Ever since I took office as Minister of Justice in the summer of 1999, I have worked through intense mediation efforts to bring the different views of the two associations closer together. I have always emphasized that a constructive solution for the restructuring of the National Order is only possible if the parties concerned reach a consensus. In the moment we chose the profession of lawyer, we learned that the essential characteristic of our profession is the prevention of a dispute. If this was not possible, we would at least learn to find a way out through reconciliation. It is therefore regrettable that a professional group that stands so strongly on its independence - which has been said several times today, some have even spoken of an appearance of independence - is not able to find a solution in itself.

In the hope that the richness of a parliamentary debate, abstraction from minority/majority opposition, would lead to a solution that would benefit from a support, as broad as possible, the choice of the government, not to submit a proposal in this or another way to the legislative chambers as part of the settlement of this problem, was also deliberated.

In this context, I would also like to thank the Chairman of the Committee on Justice for the efforts he has made in the search for such a constructive solution. The proposal also provides for legal recognition of the "Vereniging van Vlaamse balies", on the one hand, and the Conference of French and German-speaking bars, on the other. A federal bar council is created to enable concertation between the two institutions.
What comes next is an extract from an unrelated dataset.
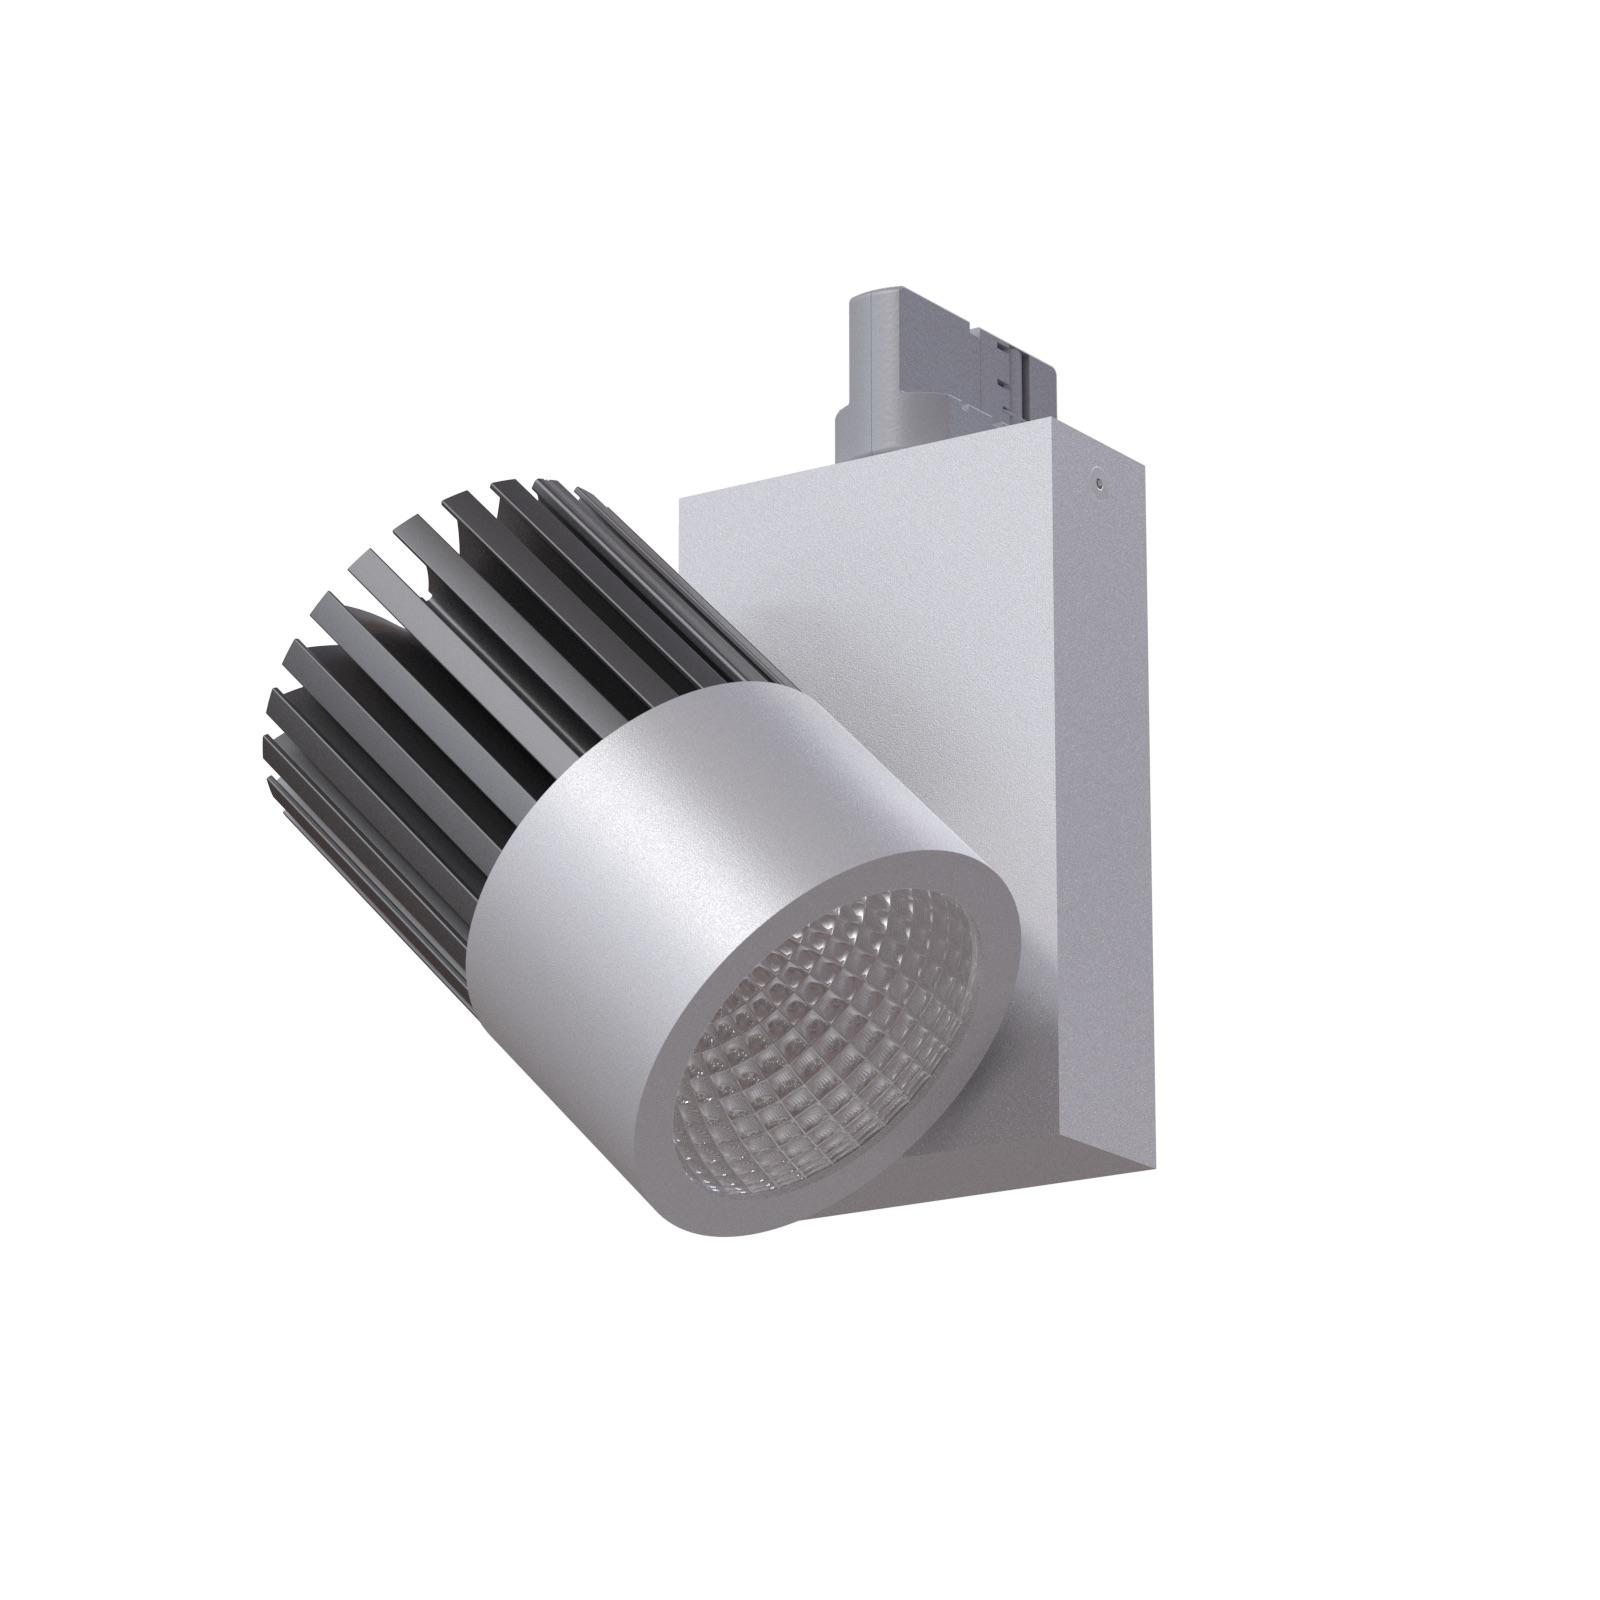 Professional spot astor led slm track f r 3 phasen for Lampen 3 phasen stromschiene
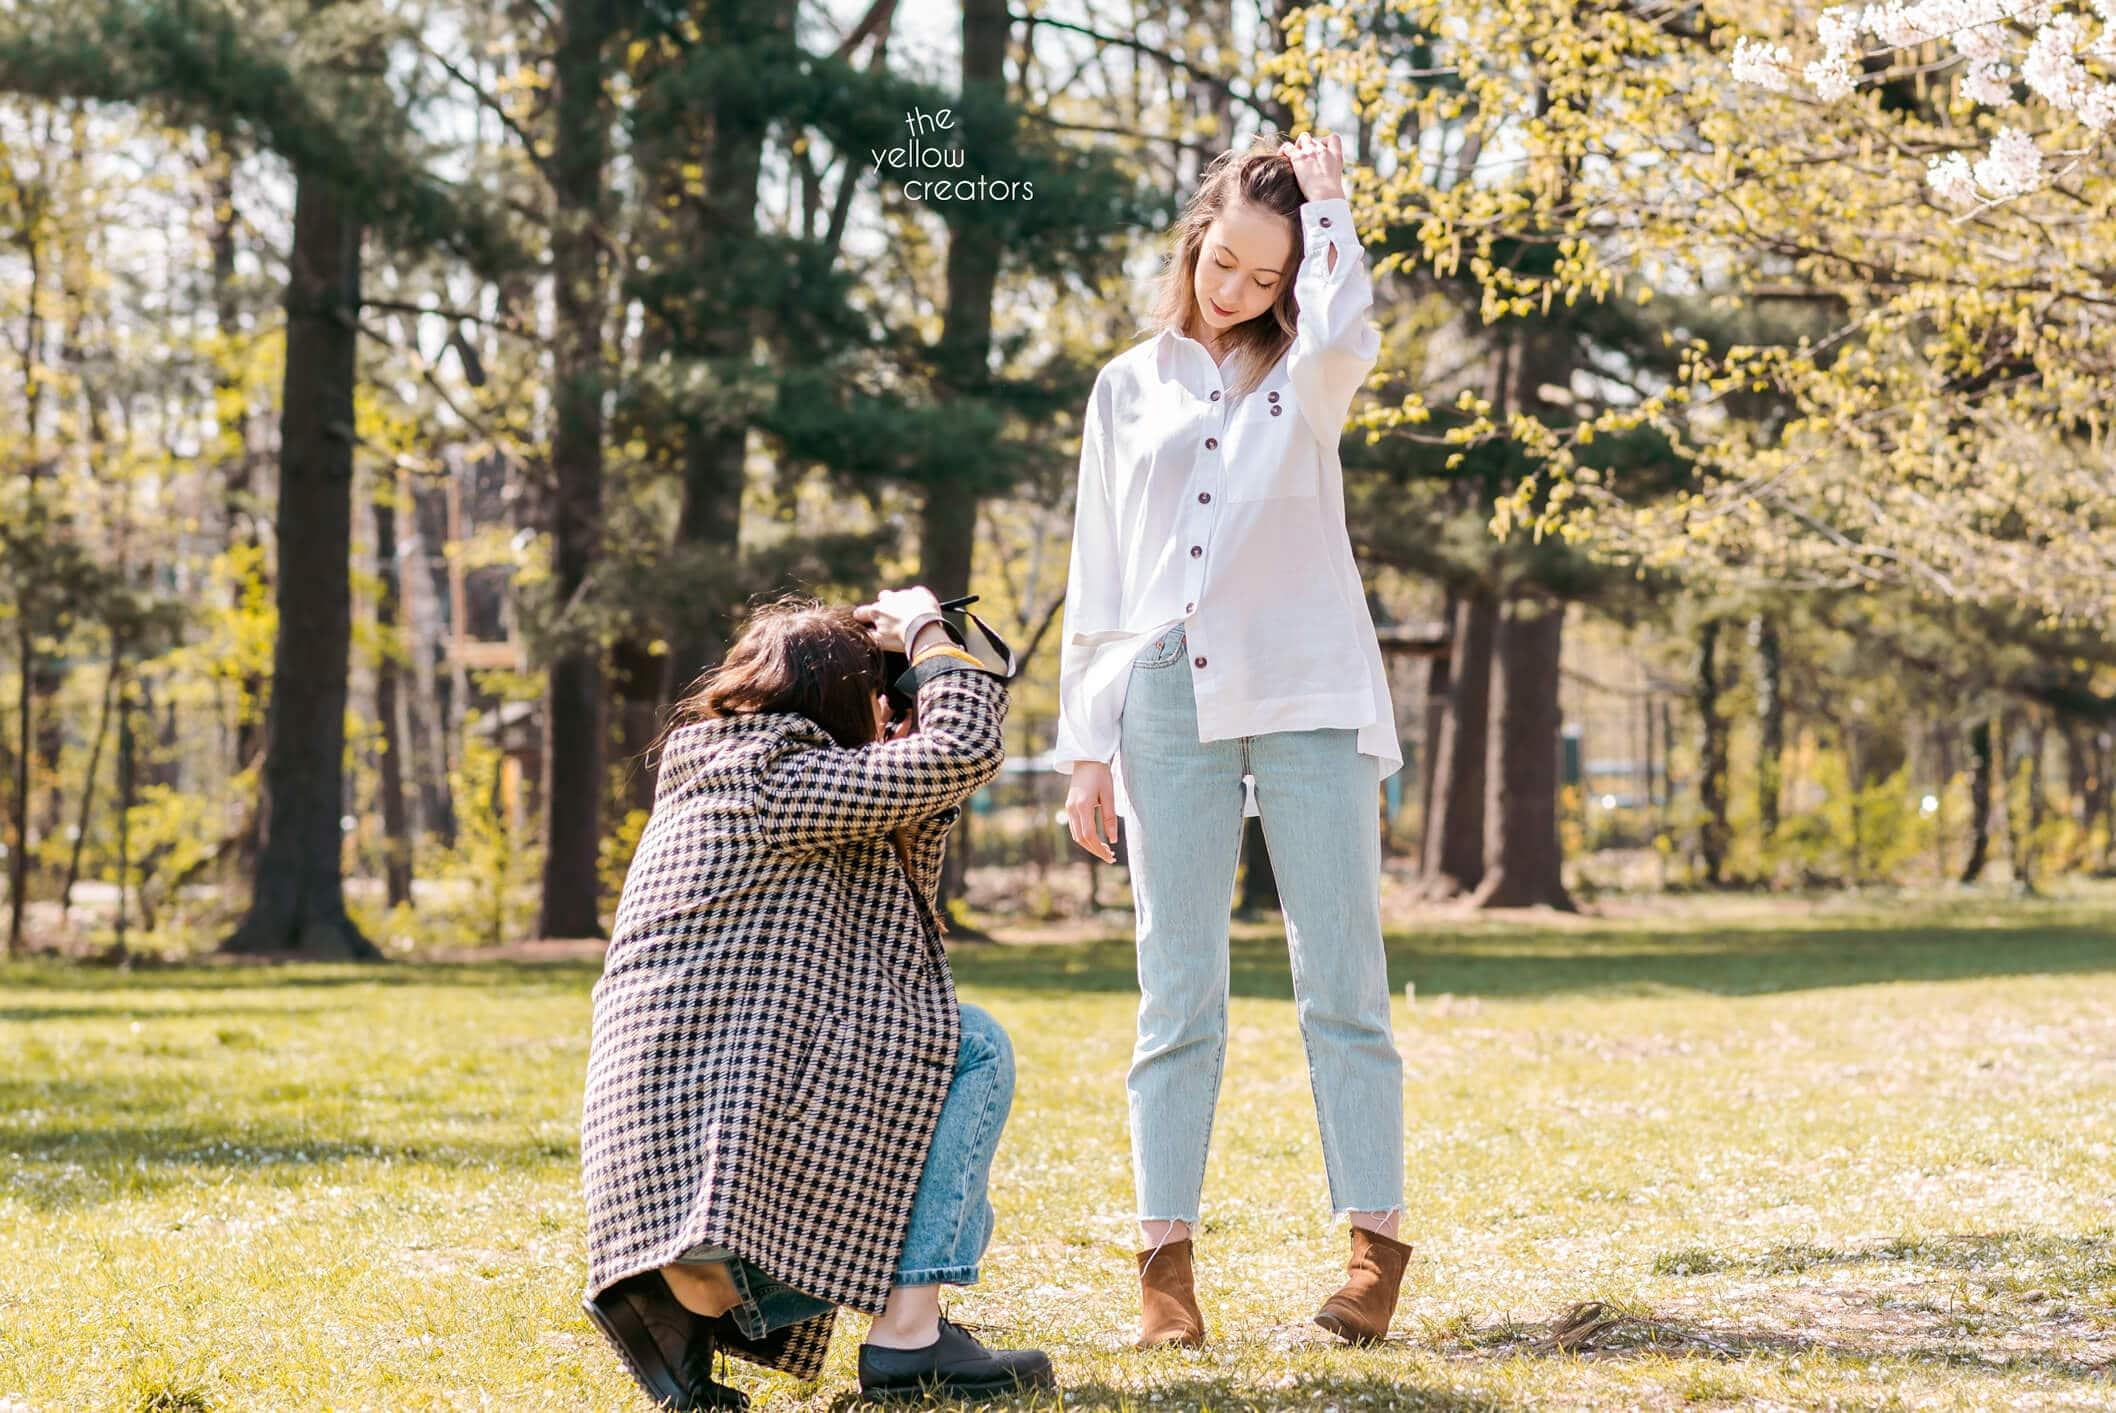 Ce înseamnă să fii fotograf Yellow

Disputes relating to matters relating to the bar may be submitted to an arbitral college. by

Finally, I dare to express my hope that these new instruments will be used by both institutions to ⁇ a content decision-making process in a constructive atmosphere and in mutual loyalty, which we have lacked since 1997.

As soon as the provisions of this proposal become definitive, I will of course make the necessary adjustments to allow for a smooth subsidisation of first and second line aid. I think I will immediately help solve the most important problem that was on the table.


President Herman De Croo

General discussion is closed. The general discussion is closed.